A collaborative study led by Dr. Heng-Jia Liu's team at the Zhejiang University-University of Edinburgh Institute (ZJE) and Professor Elizabeth Henske's group at Harvard Medical School has been published in European Respiratory Journal (one of the top-tier respiratory medicine journals), under the title *"Modulation of infiltrating CD206-positive macrophages restricts progression of pulmonary lymphangioleiomyomatosis.". The research team pioneered an integrated approach combining single-cell RNA sequencing, spatial transcriptomics, and macrophage-LAM cell coculture systems with clinical sample analysis. Their groundbreaking work provides the first evidence that CD206-positive immunosuppressive macrophages play a pivotal regulatory role in the progression of pulmonary lymphangioleiomyomatosis (LAM). The study demonstrates that targeted modulation of these macrophages using CD206-binding peptide (RP-182) effectively suppresses disease progression, establishing a novel immunotherapeutic intervention strategy for LAM treatment.
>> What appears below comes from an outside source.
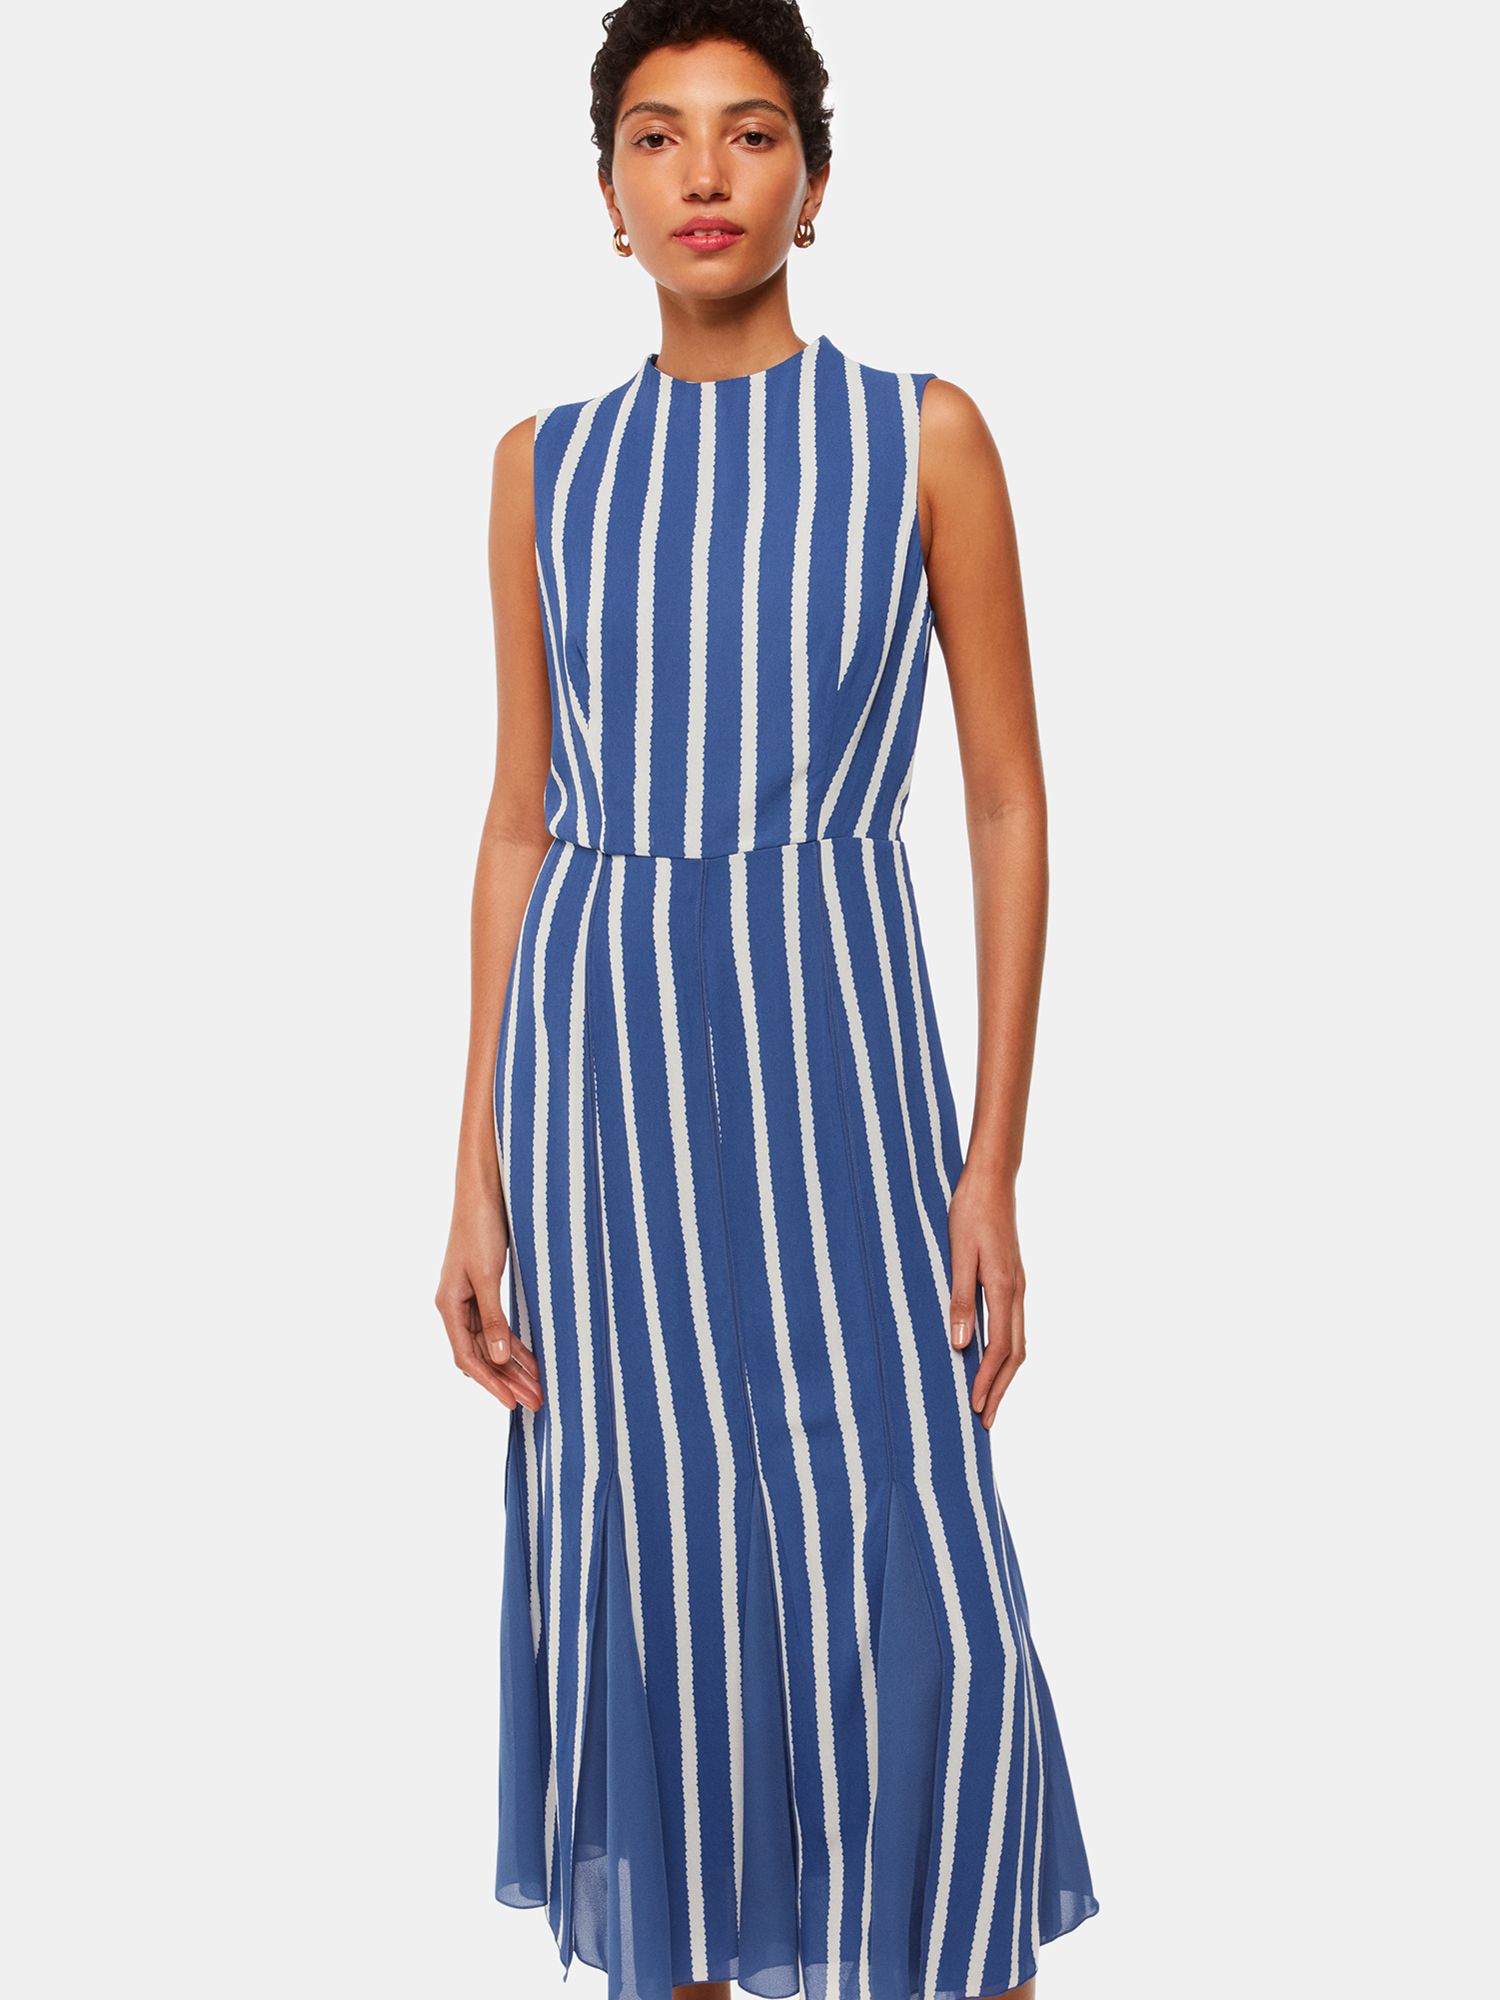 Whistles Crinkle Stripe Midi Dress, Blue/White, 6

Lymphangioleiomyomatosis (LAM) is a rare cystic lung disease that almost exclusively affects women of reproductive age. It is essentially a low-grade neoplastic condition characterized by the proliferation of abnormal smooth muscle–like cells harboring TSC1 or TSC2 mutations. These cells infiltrate lung tissue, disrupt alveolar structures, and lead to clinical symptoms such as dyspnea, spontaneous pneumothorax, and chylothorax, eventually progressing to respiratory failure. Although mTOR inhibitors are currently approved for LAM treatment and can slow disease progression, symptoms typically recur upon discontinuation, and there is no curative therapy. The immune system plays a crucial role in the progression of many neoplastic diseases, with immunosuppressive M2-like macrophages known to promote tumor progression in various malignancies. However, the role of M2-like macrophages in LAM and their potential as therapeutic targets remain poorly understood.

https://publications.ersnet.org/content/erj/66/5/2500084

To elucidate the immune landscape of LAM, the research team constructed a single-cell transcriptomic atlas of human pulmonary LAM tissues. High-throughput single-cell RNA sequencing revealed that most macrophages within the lesions exhibit immunosuppressive M2-like characteristics, expressing canonical markers such as CD206 (MRC1) and CD163. Spatial transcriptomics and immunofluorescence analysis showed that M2 macrophages were frequently located adjacent to LAM cells, which highly expressed the chemokine CXCL12, a macrophage recruitment factor. These results suggest that LAM cells may establish a pro-tumor microenvironment by actively attracting and reprogramming macrophages into an M2-like state.

To further explore this mechanism, the team employed direct co-culture models of TSC2-deficient cells with either human or mouse macrophages. They found that macrophages upregulated M2-associated markers under the influence of TSC2-deficient cells. Moreover, in a subcutaneous TSC2-null tumor mouse model, the team evaluated the therapeutic potential of RP-182—a synthetic peptide that reprograms macrophages toward an anti-tumor M1 phenotype. RP-182 treatment significantly impaired tumor growth, highlighting a novel immunotherapeutic approach for LAM.

In summary, the study reveals that LAM cells recruit macrophages through CXCL12 signaling and promote their polarization into M2-like, immunosuppressive cells, creating a microenvironment conducive to disease progression. This research represents the first attempt to target M2-like macrophages in LAM using RP-182, establishing proof-of-concept for a new therapeutic strategy. The findings not only demonstrate a significant tumor-inhibitory effect in vivo but also offer fresh perspectives for developing immune-based therapies for this currently incurable disease. The study deepens our understanding of the LAM immune microenvironment and lays the groundwork for future precision immunotherapies targeting macrophage phenotypes.

Dr. Heng-Jia Liu, Principal Investigator at the ZJU-UoE Institute, is the first author and corresponding author of the paper. Bo-Xiang Wu (undergraduate, Class of 2021) and Yue Jin (graduate student, Class of 2024), both from Liu’s team, made substantial contributions to single-cell transcriptomics and spatial transcriptomic analyses as well as manuscript preparation and revision.

Heng-Jia Liu’s team has long focused on rare tumors driven by hyperactivation of the mTORC1 signaling pathway, including tuberous sclerosis complex (TSC) and lymphangioleiomyomatosis (LAM), with an emphasis on impaired immune responses and targeted therapeutic strategies. By integrating single-cell and spatial proteomics, transcriptomics, and preclinical models, the team has systematically uncovered immunosuppressive mechanisms within the tumor microenvironment. To date, the group has published more than 20 papers as first or corresponding author (including co–first and co–corresponding) in journals such as European Respiratory Journal, Nature Communications, Chest, and PNAS. The team leads a National Natural Science Foundation of China (NSFC) Young Investigator grant, has been selected for the Zhejiang Province Young Talent Program, and holds academic appointments including Honorary Lecturer at the University of Edinburgh.